Motorway Stud Lights With Spike Price
The following reasons were also presented in October 2007 by the U.S. Department of Transportation in “Minimum Reflective Intensity of Solar Studs to Satisfy Night Driving Vision Standards.”
The following reasons were also presented in October 2007 by the U.S. Department of Transportation in “Minimum Reflective Intensity of Solar Studs to Satisfy Night Driving Vision Standards.”
(1)If the vehicle is traveling at 112.7 km/h at night and the driver has four seconds to react, the Solar Studs must be greater than 125.3 m, and driver identification is necessary. In order for hot-mix marks to comply with this specification, drivers must be able to see them from 125.3 meters away.
(2) Solar Studs are intended to provide driving safety guidance because the majority of road markings are unreliable (non-reflective) in wet evenings. Since Solar Studs have significant reflecting effects in rainy nights, they can lower the minimum of thermal mixing markings. luminous demands
(3) The minimum reflecting intensity requirements for hot-mixed marking lines can be lowered by roughly 45% if Solar Studs are added.
(4) In New York, USA, the installation of Solar Studs decreased the accident rate on wet nights by about 24%.

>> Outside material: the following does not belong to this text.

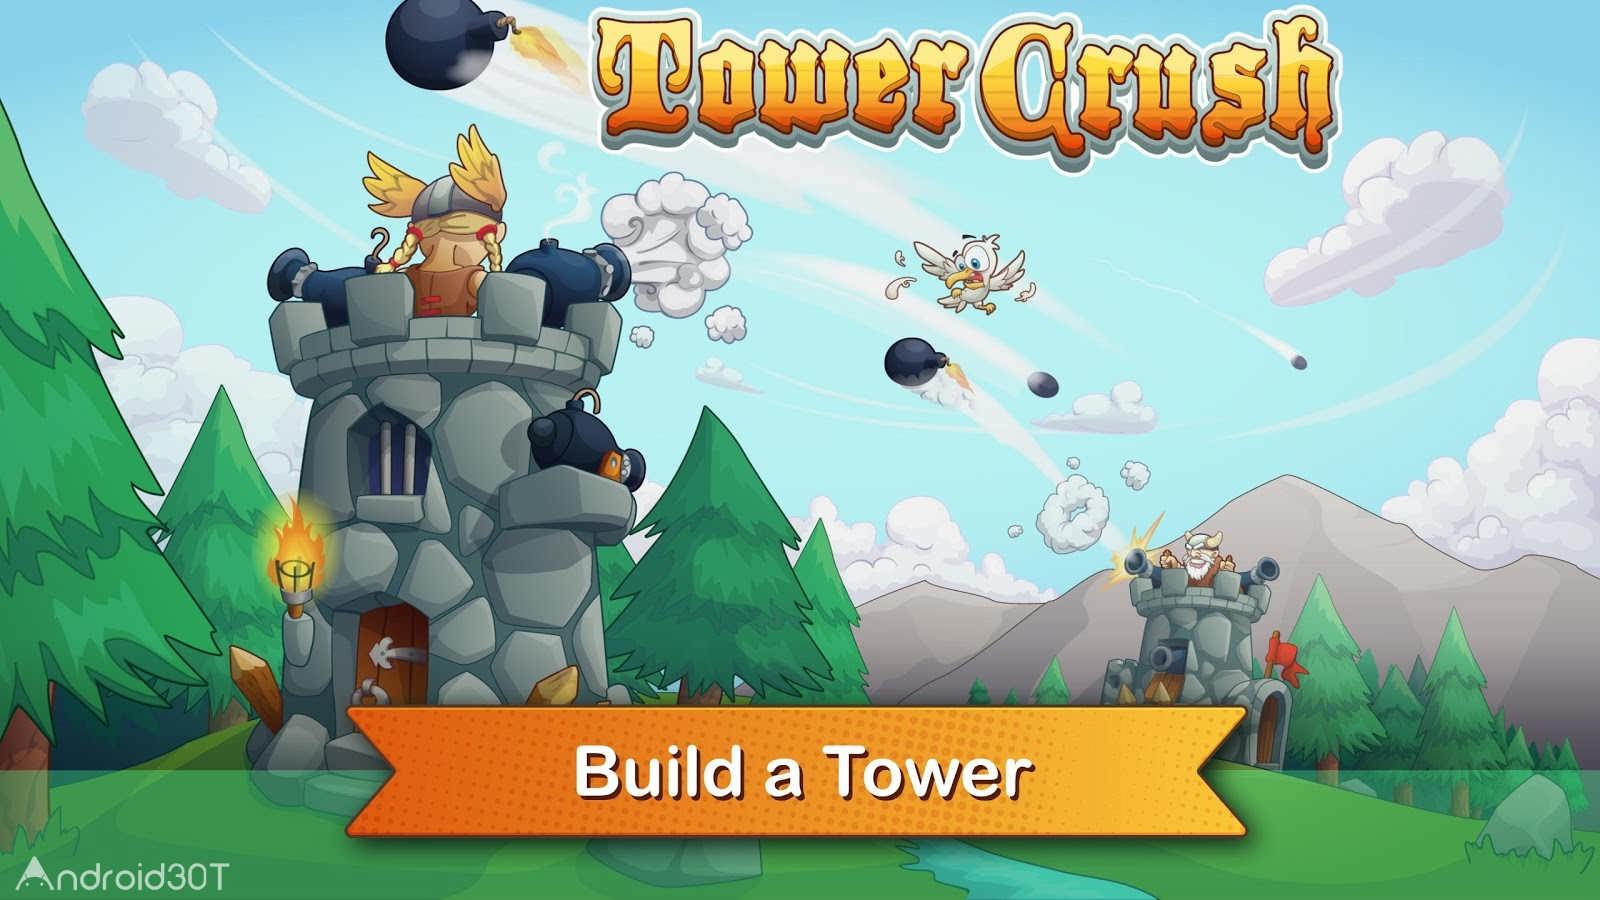 دانلود Tower Crush 1.1.45 – بازی آرکید شکستن برجها اندروید
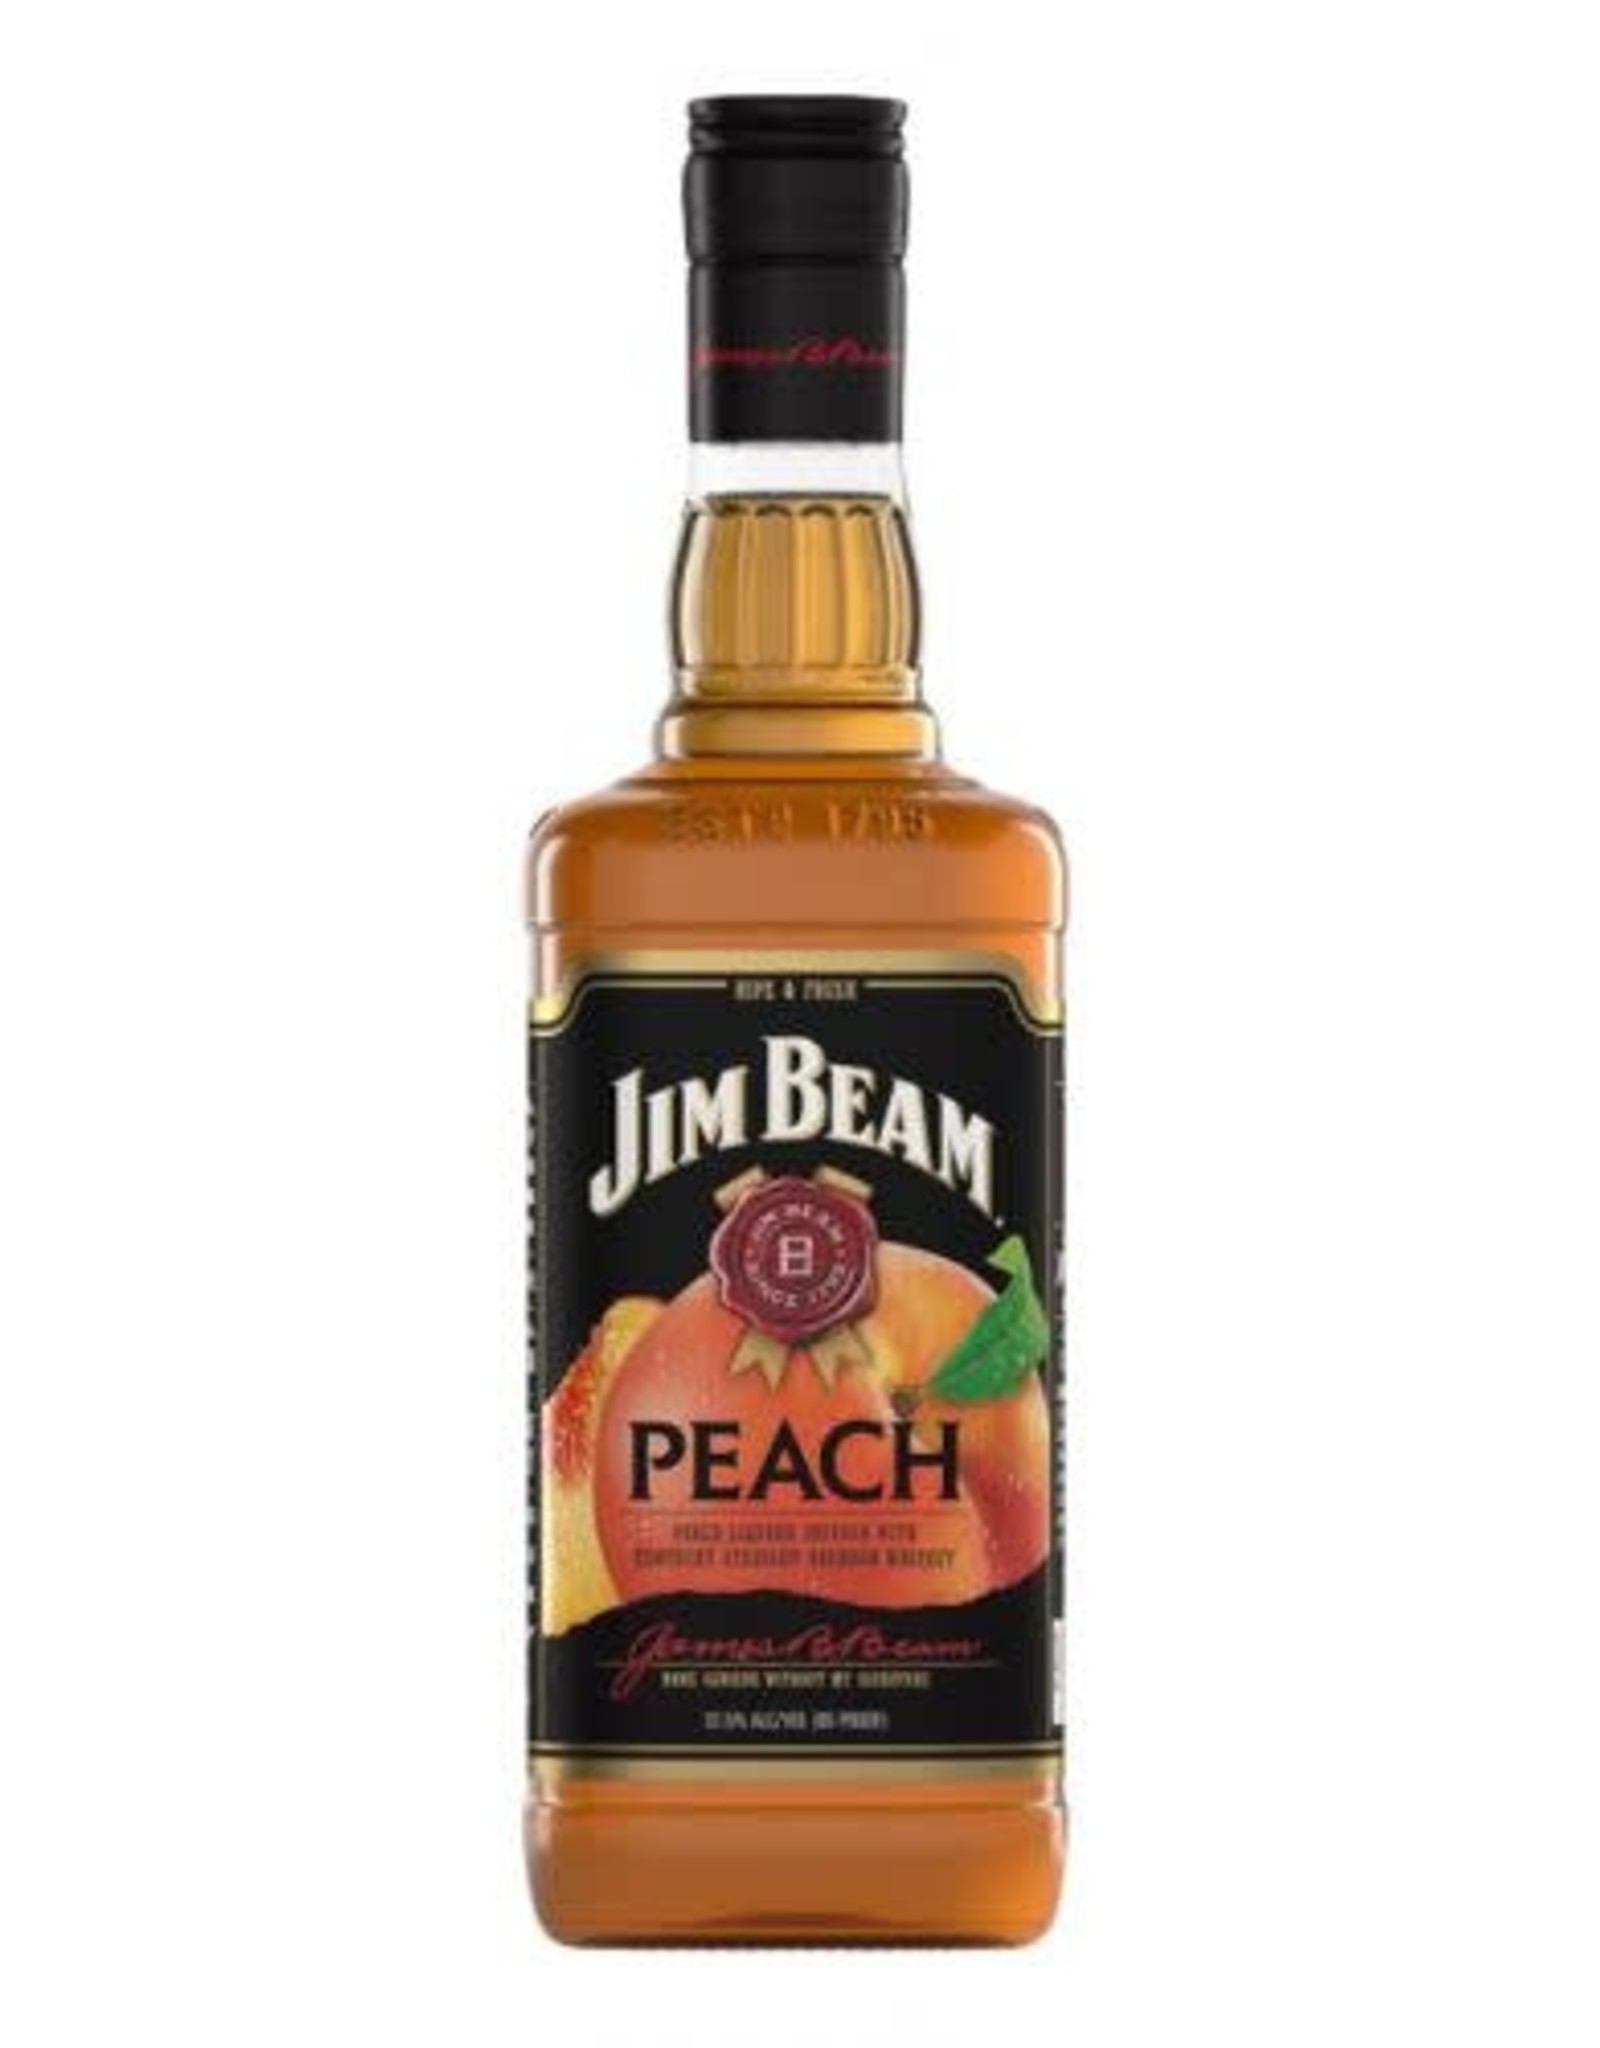 Jim Beam Jim Beam Peach Bourbon

We can infer the following from the information given by the aforementioned examples: Solar Studs‘ superior reflecting and auxiliary functions can give drivers a longer reaction time and better visual effects when driving at night, which can help and enhance Solar Studs. For Studs, a Bootstrap feature. Traffic accidents are far less common thanks to markings. A traffic safety expert from the renowned road stud maker Simsonite, Sidney A. Heenan, updated the original cat’s eye Solar Studs in 1964 and created a “square plastic,” which has been used since the British Percy Shaw devised the “cat’s eye” in 1933. The early cat’s-eye reflectors were supplanted by “Sun Studs” as the most popular road spikes globally.